What the 30% more diagnosed breast cancers in the screening group after 9 years in the Malmo study indicates is that more than 20% of "breast cancers" detected by mammography during this trial had

never developed into a real cancer!

This "overdiagnosis" rate directly indicates the rate of "overtreatment" (a fancy word for unnecessary, or unjustified treatment) that the trial's screened population was exposed to. This ghostly excess of detected cancers in the screened population is not an exception of the Malmo trial - it is a pattern consistent in both, trials in general and actual screening practice.

Another worrisome pattern creeping through all major breast cancer randomized controlled trials on the effect of the standard X-ray mammography screening, beginning with the very first (HIP), is the

higher mortality among screened population for the first several years of screening, particularly in women below age 50.
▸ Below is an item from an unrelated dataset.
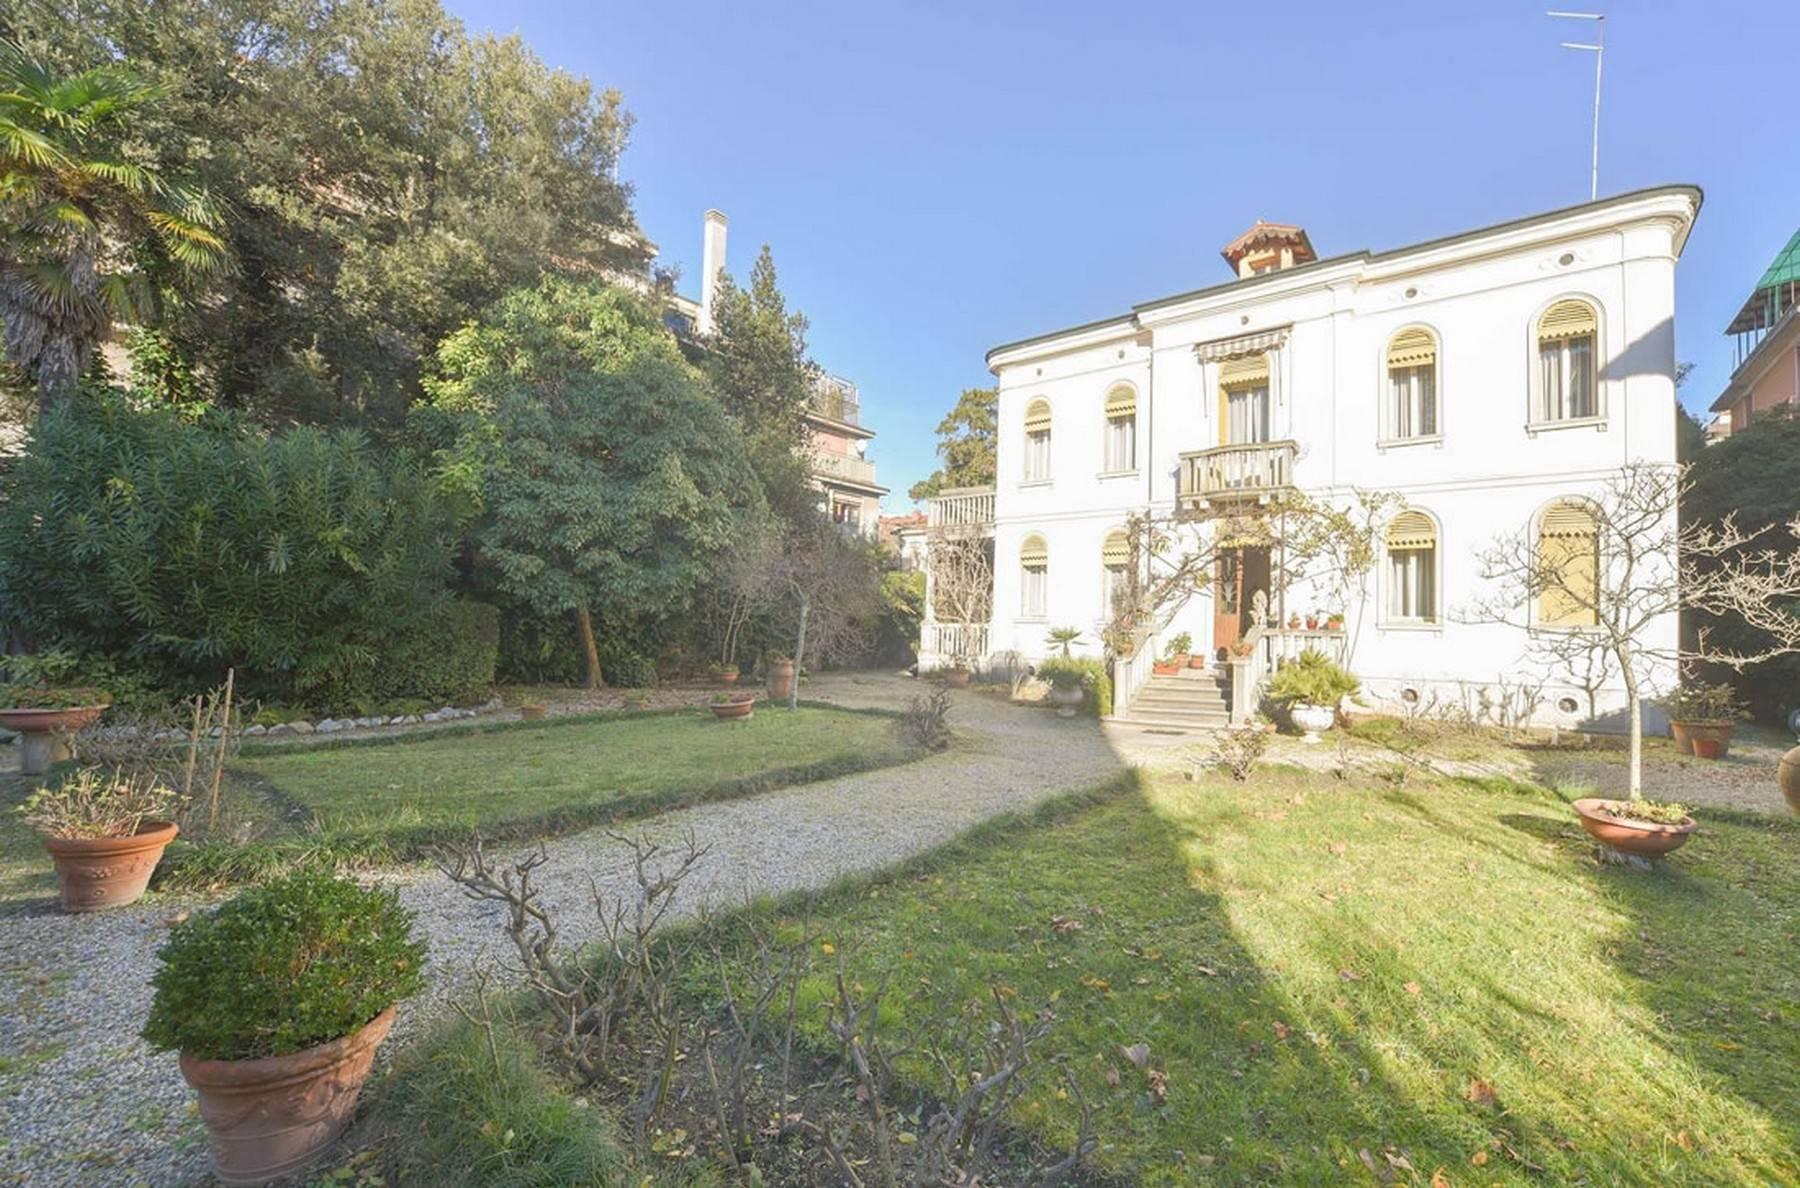 Villa Bianca dans le quartier du Lido - 1
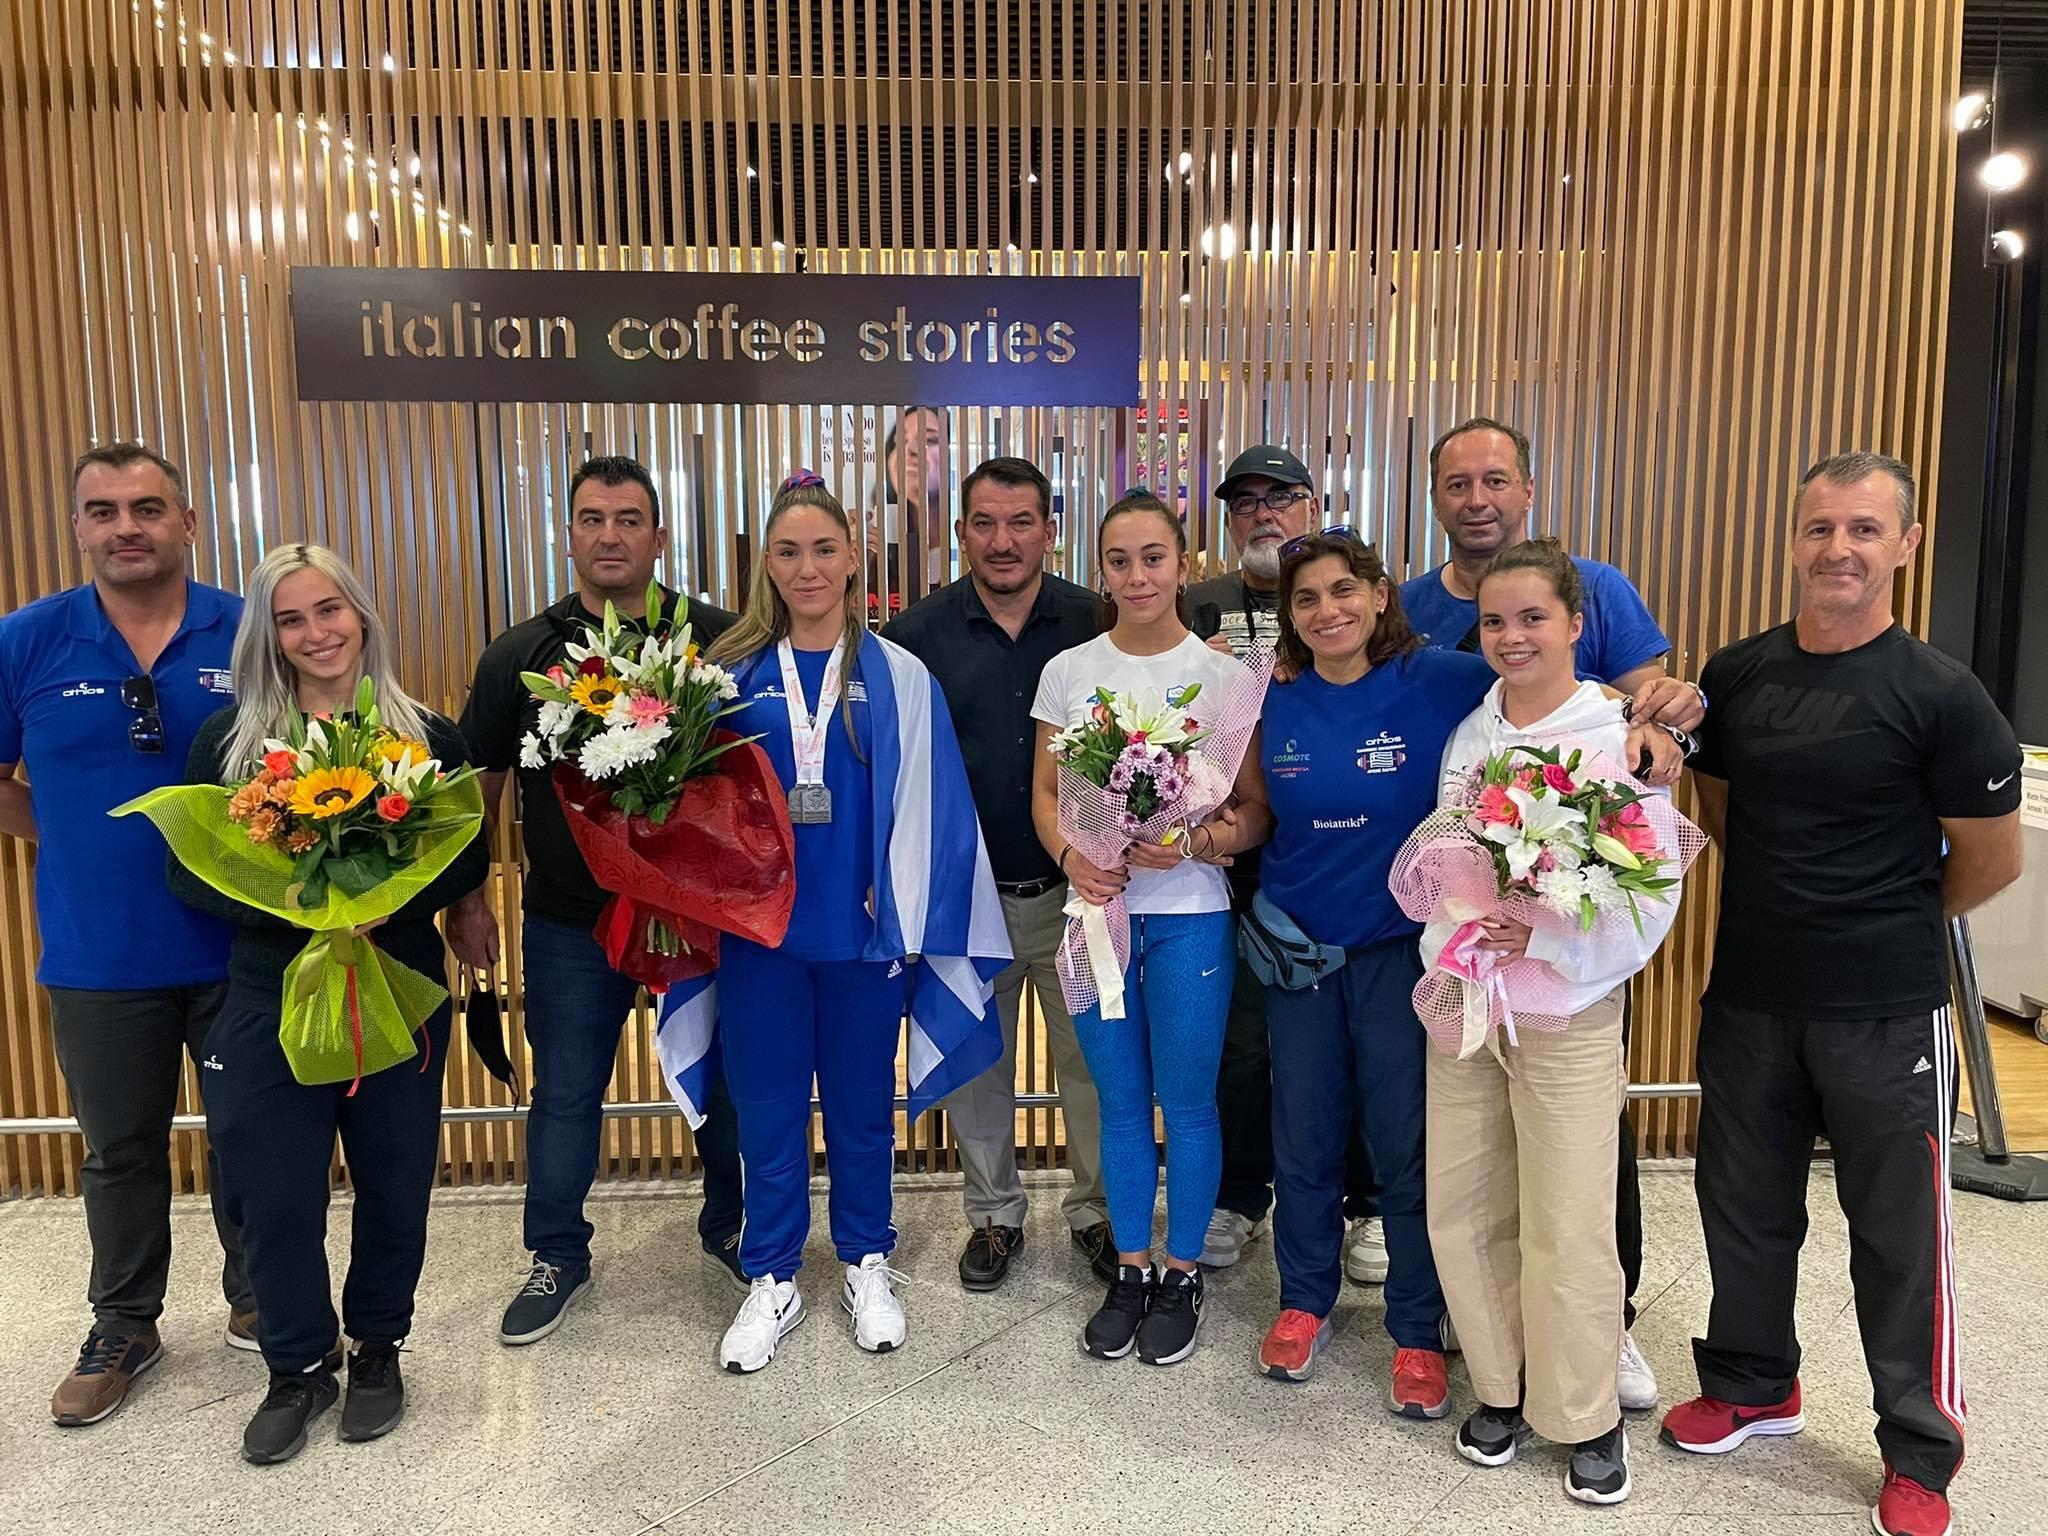 Άρση Βαρών: Με δύο χάλκινα μετάλλια επέστρεψε από την Φινλανδία η ελληνική αποστολή

It is present in the Malmo trial as well, as the above graph illustrates. Often referred to as "mortality paradox", it still awaits for an explanation.

Yet another unflattering, brushed aside pattern common to the standard mammography trials is that the total mortality is not lower in the screened populations. In fact, screened population diagnosed with breast cancer in the Malmo trial had higher total mortality: 99 vs. 94 among the breast cancer diagnosed unscreened population. Obviously, it is directly related to the respective sizes of the two groups, with the 36 vs. 28 "other cause deaths", respectively, being nearly in the same proportion with the total of diagnosed cases in each population.

But if we look at the disease-caused deaths in the Malmo trial, they are practically identical for screened and unscreened populations. Even in the trials that produce nominally appreciably lower breast cancer mortality for the screened population, more often than not it is offset by the higher mortality from other diseases in this group.